The market gapped lower as I was hoping and then after much back and forth it finished on an up note. As I indicated last night, I was interested in buying a large gap down and have held on to some of the position for a swing trade. This one has worked out so far, but I’m not terribly excited with today’s action.
Over the last few days there have been some fairly extreme readings. Two examples were the Arms Index mentioned two nights ago and the sharp three day selloff followed by a sizable gap down this morning. The reversals generated from these conditions the last two days have not been inspiring. Today’s action was wildly up and down. Bulls have not been able to take control for more than a couple of hours at a time.
It has now been 5 days since the January 31st follow through day. Last Friday I did a study on the short-term implications of follow through days. It showed that success or failure of the new bully rally attempt is about 67% predictable based on the action of the first 5 days after the follow through day. That study therefore now predicts a continuation of the bear.

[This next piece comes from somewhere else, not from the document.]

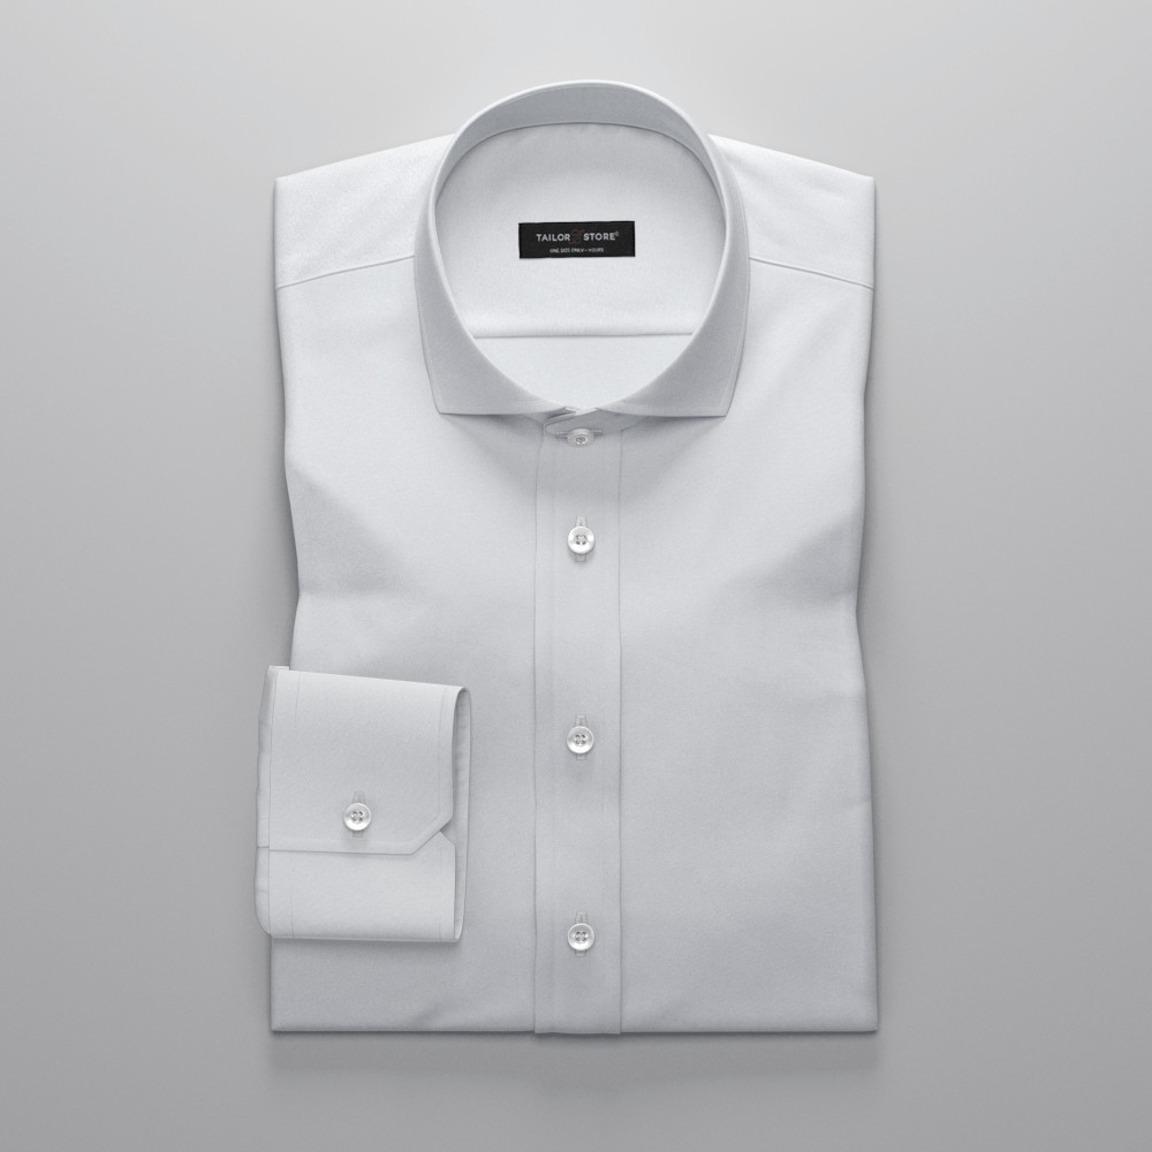 Vit Oxfordskjorta med cut-away collar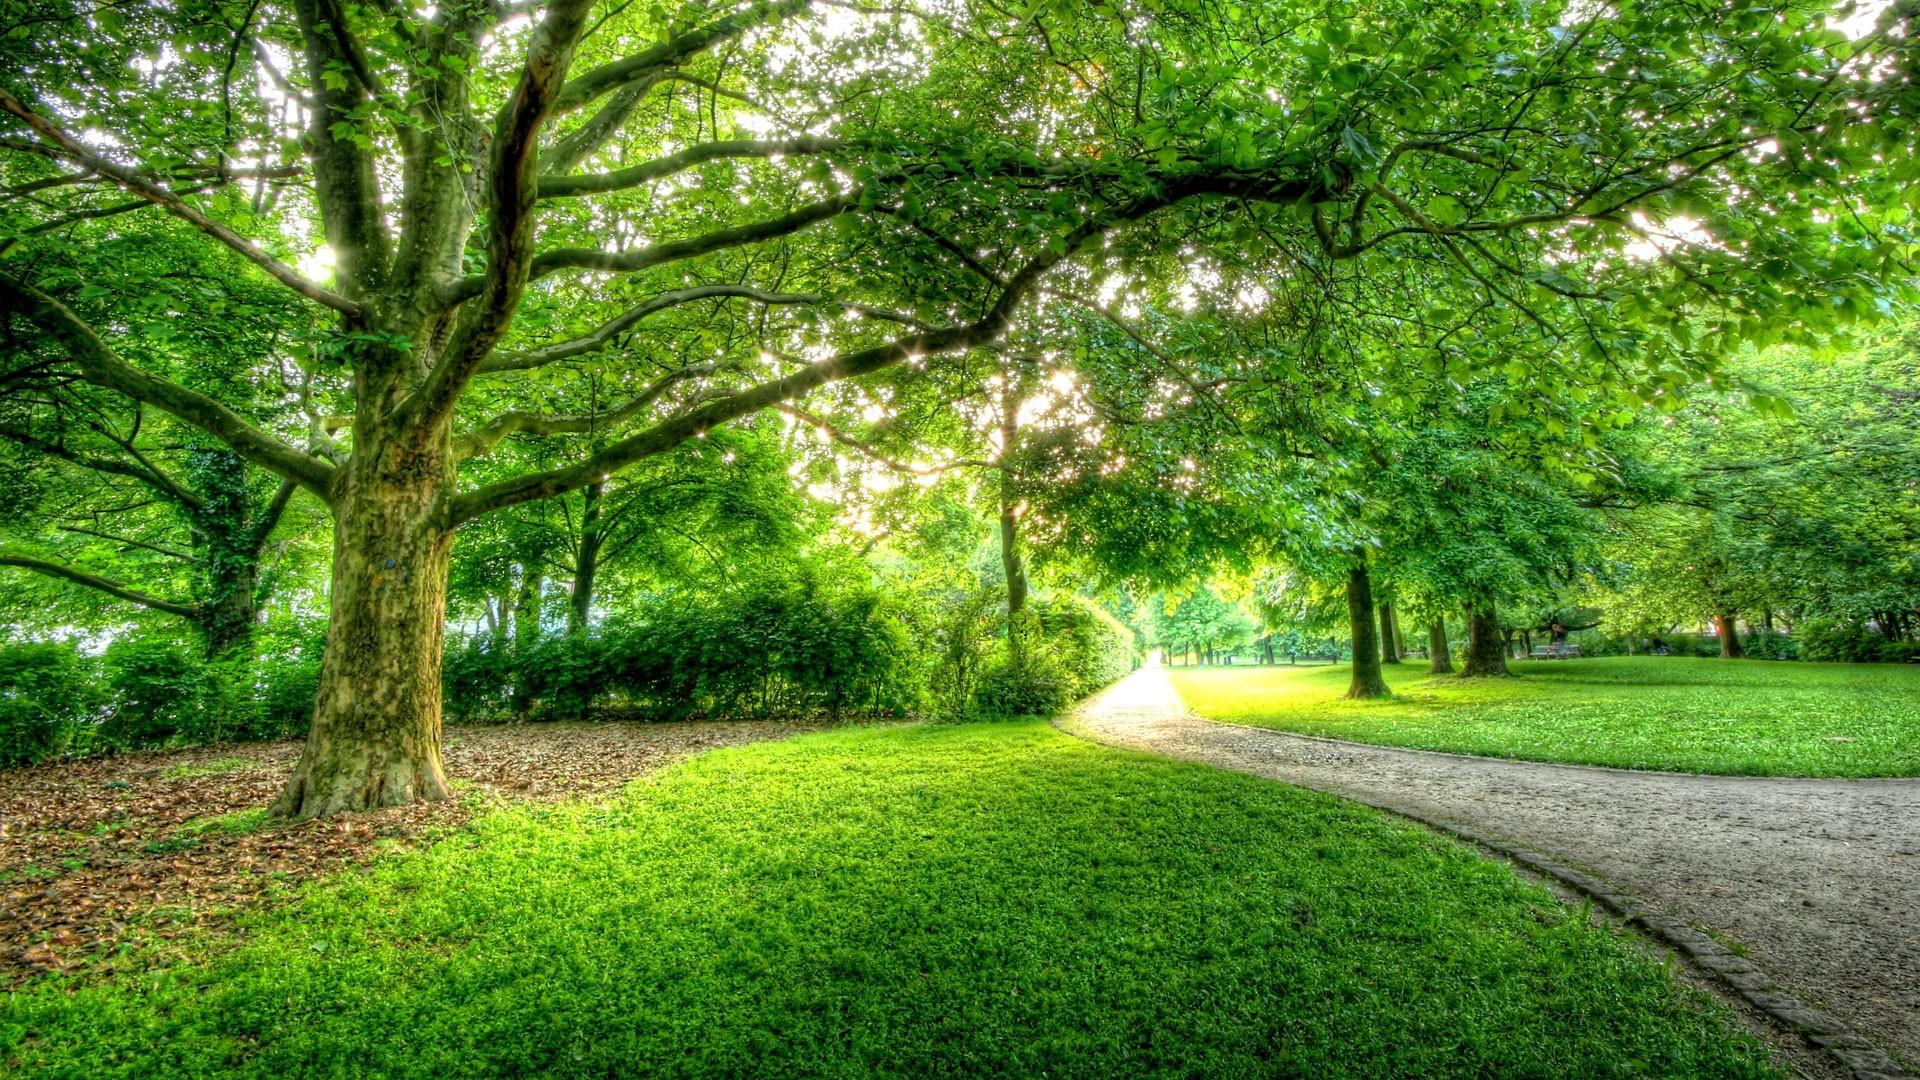 Fondo Animado Campo Parque Full Hd Animate Background: Green Trees Berlin Park Wallpaper

The good news is the market has managed to hold support so far. Readings around the January lows were severe enough that it remains plausible a significant bottom could have been made. I’ve obviously not yet given up on that idea. The market is in no-man’s land right now. Tests run tonight based on current action are showing no significant edge. Technically, a move above 1400 would signal the bulls are taking charge while a move below 1270 would signify the bears are still in control. That range is very wide but with the recent and expected volatility, I’d be surprised if it wasn’t broken fairly soon. I’m holding a small long position leftover from today but not looking to aggressively add to it.